Mi memoria no me ayuda. No termino de ordenar en el tiempo momentos que se asoman a mis dedos. Un encuentro en la puerta del local de Riobamba, en que me invitó a militar en Lomas y yo lo miré con recelo pues no me habían hablado bien de él. Una visita a su departamento en que me escapé de una de sus discusiones familiares yendo a buscar la carpeta que en el ataque de bronca acababa de tirar por la ventana del departamento. Un festival en el cine San José, en que a pesar del odio que le profesaba el grupo que yo integraba se acercó para tender algún puente inaugurando en mi vida el dato de su persistencia. Aquel discurso frente al local de Calandria en el que vaya a saber por qué se sintió en necesidad de tirar una consigna que a muchos nos ponía los pelos de punta (no la transcribo porque sigue sin gustarme).

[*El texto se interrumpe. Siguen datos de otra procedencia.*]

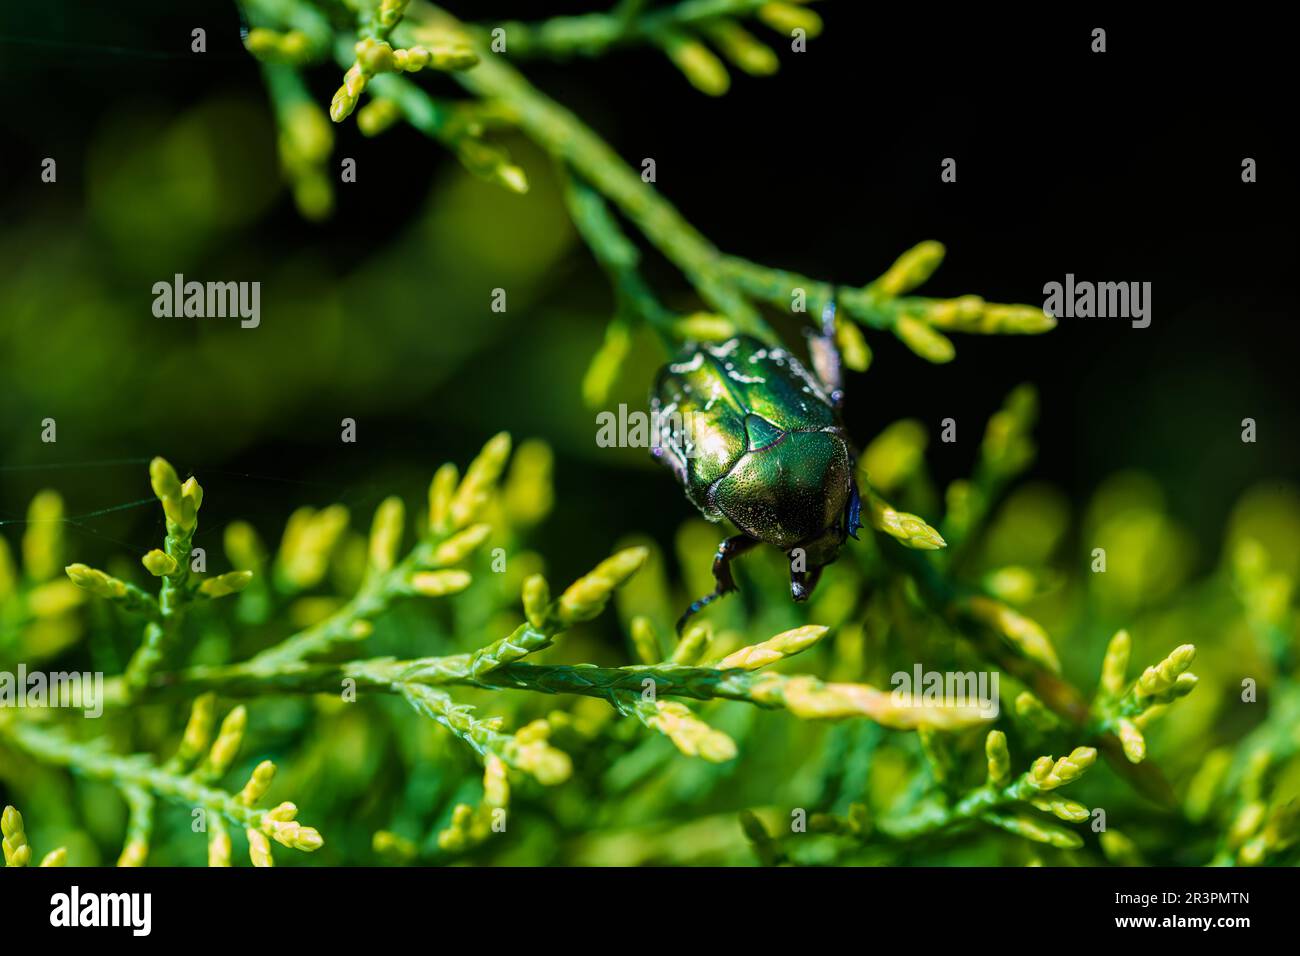 Makroaufnahme eines wunderschönen, metallischen, glänzenden Grün- und Kupferkäfers (Protaetia cuprea) auf grünem Blatt, umgeben von Vegetation im Frühling. Protaetia cupr Stockfoto
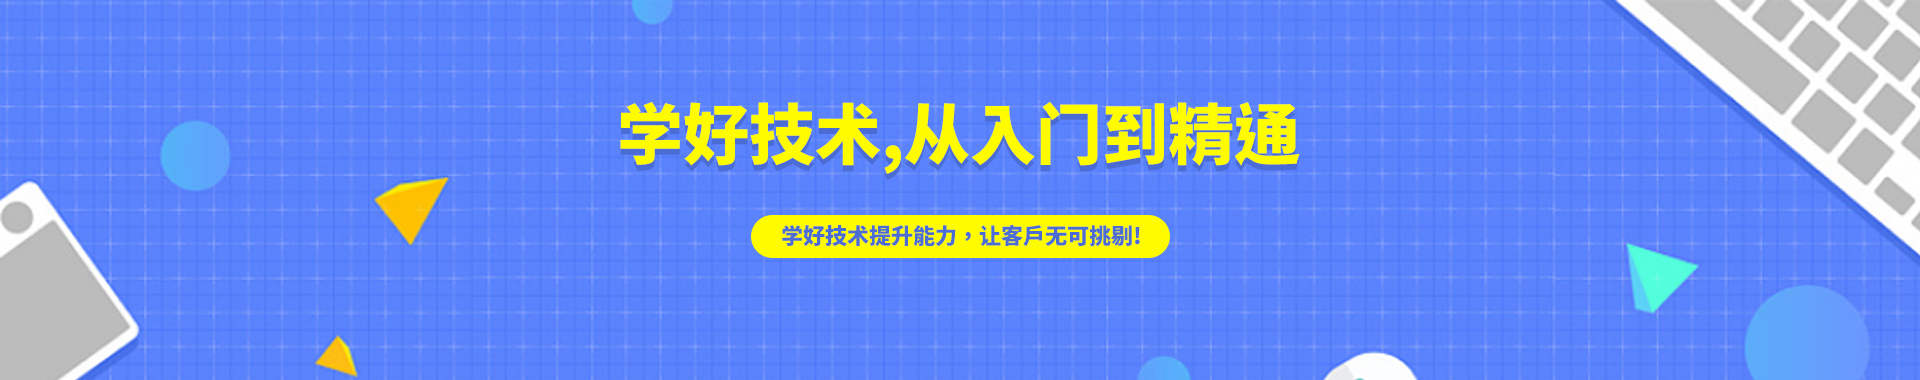 广州创星职业技能培训中心

Y por supuesto, la vez que caí en cuenta que era bastante más que un voluntarioso hábil para la rosca, en una arenga que improvisó para los militantes juveniles de la Provincia que subidos a un micro nos dirigíamos a un congreso nacional.
Una mujer bajando del ascensor y otra yéndose por la escalera, una tarde en la casa de Clarita, su paciencia casi infinita con el uruguayo, una rabieta con don Julio, una pelea entre nosotros dos, los tiempos en que nos pasamos de mambo y parecíamos al borde de constituir una orga semiclandestina, la Pesca, el fútbol en la galería de la casa de Brandsen, un asado en lo de Ramón, el básquet con la puerta del placard del departamento de 25 de mayo como aro, orines apurados en el patio de mi casa de Portela, las notas para La Unión en los tiempos de Semán, la afinidad con Bruno deviniendo devoción a cada paso, el esfuerzo conmovedor de Chachi para cumplirle con un discurso en un acto en Laprida, la llegada de Marcelito, su obsesión aun vigente por la organización del Frente Secundario, las clases de formación con Gil Girón, los insumos de Pablo, organización cruzándolo todo desde las palabras deslumbrantes de Lalo, las reuniones hasta las tres de la madrugada, la vuelta en el último tren con una bolsa pesada de voluntaristas compras comunitarias, un puchero con Claudio y Lili Caruso, Silvia y su pizza con lechuga, el garrón de las fotocopias, nuestro espía Rodolfo Boggini en el PI de Tito, salidas a pintar en el Fiat 600 de Raúl, una tarde de mate y facturas en mi casucha de Escalada, la llegada de la negra Mónica y los universitarios, los partidos y las charlas y las peleas y los abrazos con el gordo Sergio, Pichi, el negro Armando y el gordo Héctor, tardes oscurecidas en casitas con piso de tierra en la O´Higgins de los Montecuco o en el rancho del gordo García, charlas y frío y menta y ojos brillosos y más fútbol con los pibes de Santa Marta o Norma y Pedro en las tardes de calor con las bolsitas de nylon colgadas llenas de agua para no conseguir espantar las moscas, las ollas, los locros, las tortafritas, las filas de madres y ancianos, Cani ojos, cigarrillos y miedo, las zapatillas de Bruno en la caminata hasta Racing, el parripollo fallido, el delirio del préstamo para pagar el préstamo para pagar el préstamo. No lo diga, Pisani, no lo diga. Así de mezclados tengo en la cabeza mis recuerdos.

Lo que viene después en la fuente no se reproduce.